After a YouTube-like acceleration from total semantic obscurity, your “carbon footprint” is now the benchmark for your environmental friendliness. And processor manufacturer VIA – which championed the power-consumption problem way before it was trendy – has announced what it claims is the first carbon-free processor, the C7-D.

Last year, I attended a small press briefing given by VIA’s president, Wenchi Chen. Given the amount of corporate power he wields, he’s a disarmingly modest and humble man. A few minutes in his presence confirms he clearly believes deeply in VIA’s power-efficient computing philosophy, not for the sake of marketing but for the sake of the planet.
So it’s disappointing that claims for the C7-D’s environmental credentials only hold true when accompanied by caveats and conditions.
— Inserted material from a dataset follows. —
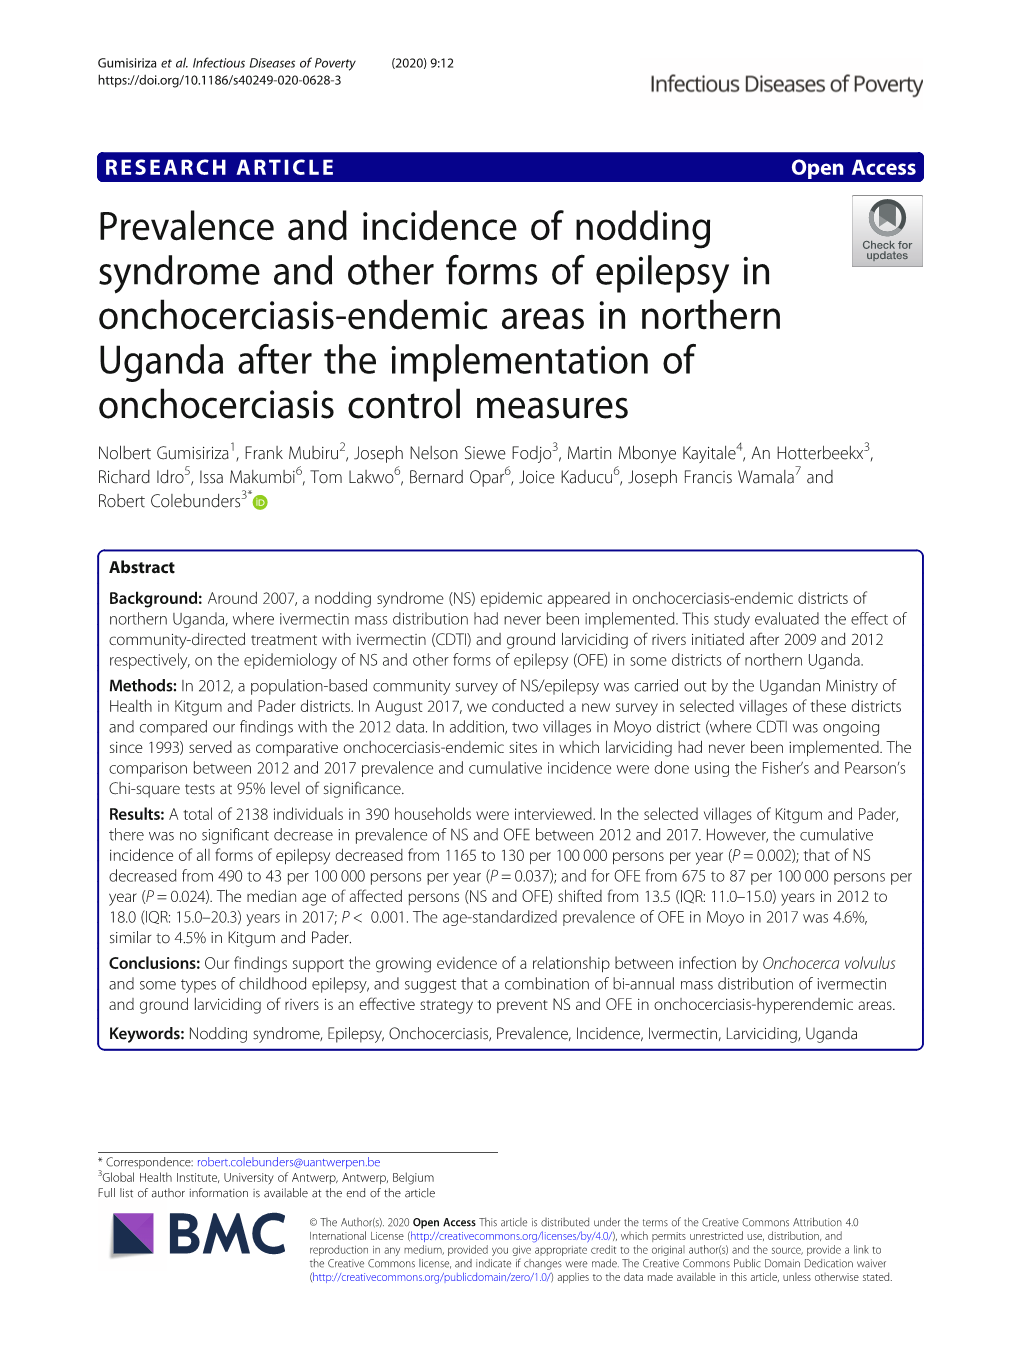 Prevalence and Incidence of Nodding

In proclaiming it carbon-free, VIA entirely ignores the total-system energy cost. In other words, it fails to accommodate the energy required to make the processor; it ignores the energy of eventual recycling or disposal; and there’s no assessment of the considerable energy cost of shipping and distribution. If anything is to be considered carbon-free then all of these need to be considered together, not just the energy consumed while the part is in service.
What VIA really means is “carbon-neutral in use”. It’s stating that it will offset the power the C7-D uses derived from sources based on fossil fuels by other means. VIA enumerates these means as “reforestation”, “alternative energy” and “energy conservation” (www.pcpro.co.uk).
Whatever the actual method of compensating for carbon output, the fact is that a manufacturer, when it makes a piece of carbon-free equipment, has to come up with a figure upon which to base its carbon-offset level. You can probably see where the problem lies: the sum needs to be based on a notional approximation of a piece of kit’s energy consumption from now until it ceases to be used.
One of VIA’s partners in this carbon-free initiative is Tranquil, maker of very attractive media PC systems (www.tranquilpc.co.uk). VIA makes “carbon-free” processors: Tranquil claims to make complete carbon-free PCs based on those processors. The company does at least qualify what it means by carbon-free right at the top of its homepage. All of its systems, it claims, are “supplied as ‘Carbon Free in Use’. This commitment ensures that units supplied … do not leave any carbon footprint during their serviceable lifetimes”.
Fair enough: no obfuscation there, no worries about ambiguous wording. But with the best will in the world, the calculation of total energy consumed during this notional average “serviceable lifetime” is sketchy.
According to Tranquil’s own figures, to remain carbon-free in use you need to make sure your PC isn’t used heavily for more than two hours a day, is in standby for 16 hours of that day and is, er, unplugged from the wall for the whole weekend (I’m in no way denigrating any manufacturer for producing low-power systems that will, in absolute and undeniable terms, be responsible for releasing less carbon dioxide into the atmosphere than higher-power Intel or AMD systems, if used for equivalent lengths of time (I won’t muddy the waters by going into notions of performance per watt here).
In the end, though, a carbon-free-in-use PC that makes any kind of sense outside of the marketing department can only be achieved in two ways. The first requires the company that produces it to magically monitor its power consumption in real-time and plant more trees to compensate. The second requires that the energy-consumption model incorporates much more leeway than the confines of a three-year service life that also demands you don’t go near your PC at the weekend. Until that changes, the entire notion of carbon-free computers will be tainted by the smell of profit-motivated corporate conscience.